Today I want to stay with that response of Our Lord to him: “Have you believed because you have seen me? Blessed are those who have not seen and yet believe.” He’s talking about us, you, the second-hand believers, who depend on the witnesses. Apparently we are blessed in a way that first-hand believers are not. To believe in what you have not seen requires more of you, it raises you to something, to a level of risk and initiative, to become a greater soul, and live at the level of hope instead of mere possession. Blessed are you who have not seen but yet believe.

Believing the witnesses is parallel to believing the promises, which also you cannot see, not yet. We Christians believe two kinds of things: witnesses and promises. We stand between the witnesses of the past and the promises of the future. From the witnesses you can believe something to be true about the past. And from the promises you can believe something to be true about the future. You believe the witnesses of his resurrection and you believe the promises of your own resurrection, and the one guarantees the other.

Our resurrected Lord is keeping our future inheritance safe with him in heaven until he comes again to rule the world with truth and grace and makes the nations prove the wonders of his love, into which we will be resurrected, soul and body, as he was. He holds the promise and he is the living witness. Both witness and promise are held together in him.

We have just now moved from the language of the Gospel of John to the language of the First Epistle of Peter, from the resurrected Jesus in the experience of the first-hand believers, there, in that room, to the resurrected Jesus in our experience as second-hand believers, removed from us in heaven but still present to us by his Word and Holy Spirit. Our relationship with him requires more of belief than was required of his disciples, because we do not see him, and we have to depend more on the promises, and even him we experience as a promise.

He is both the living witness and the living promise. And because he personally is imperishable, undefiled, and unfading, so is your inheritance, the inheritance that you are promised. Not only is your inheritance imperishable, but St. Peter goes further to claim that the genuineness of your faith is imperishable, even when it’s tested and tried by suffering and opposition or your internal doubts and hesitations.

It’s imperishable because it’s grounded not in your own ability to believe, but in the objectivity of what happened to Jesus in history, as attested by witnesses. It’s imperishable because no matter how weak you might feel within your faith, the written testimony of the apostles does not change and the living testimony of the resurrected Jesus is undefiled and unfading.

The benefit of this, in the words of St. Peter, is the salvation of your souls. This terminology is easily misunderstood if you think of your soul as that ghost inside your physical body. The Greek word for soul can also be translated as “life,” your full life, your human life, and your fully real and human is what is being saved.

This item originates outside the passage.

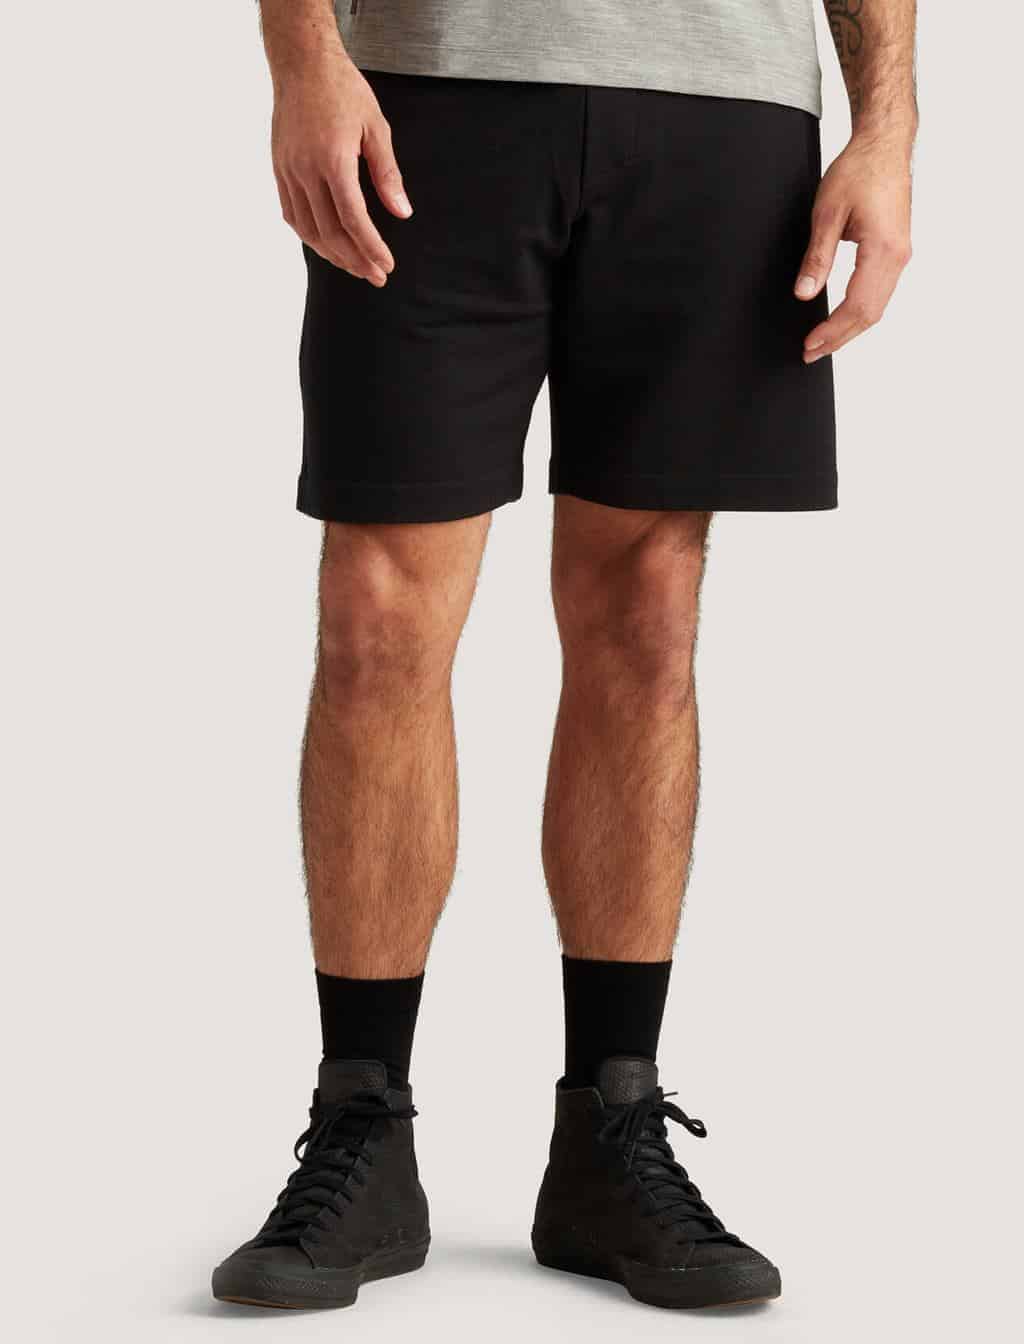 Men's Icebreaker City Label Merino Lightweight Shorts | Black | 100% Merino Wool | Men's

This is not a final escape, but the rescuing of your life right now, the rescuing of your life from frustration, from nothingness, from the shadow of death. It saves your actions in the world from emptiness, it rescues your witness in the world from nihilism, it saves your good deeds, your social witness, your service to the poor, your speaking up, your resisting violence, your marching in Washington, your reading books, your raising kids, your sacrifices of time and energy and money for the congregation you belong to, all that gets saved, it is not wasted, it does not get lost. That’s the promise, and of that you yourselves are witnesses.

And this is how you may feel the truth of that ecstasy of St. Peter’s epistle: “Although you have not seen him, you love him, and although you do not see him now, you believe in him, and rejoice with an indescribable and glorious joy, for you are receiving the outcome of your faith, the salvation of your souls.”

Copyright © 2017 by Daniel Meeter, all rights reserved.

1 comment:

Old First said...

I received a comment that is worth considering, that I was overly broad in what I said about pagan religions, and the relative absence of belief. The commenter appeals to an ancient Egyptian hymn. But I will not publish the comment because it is anonymous.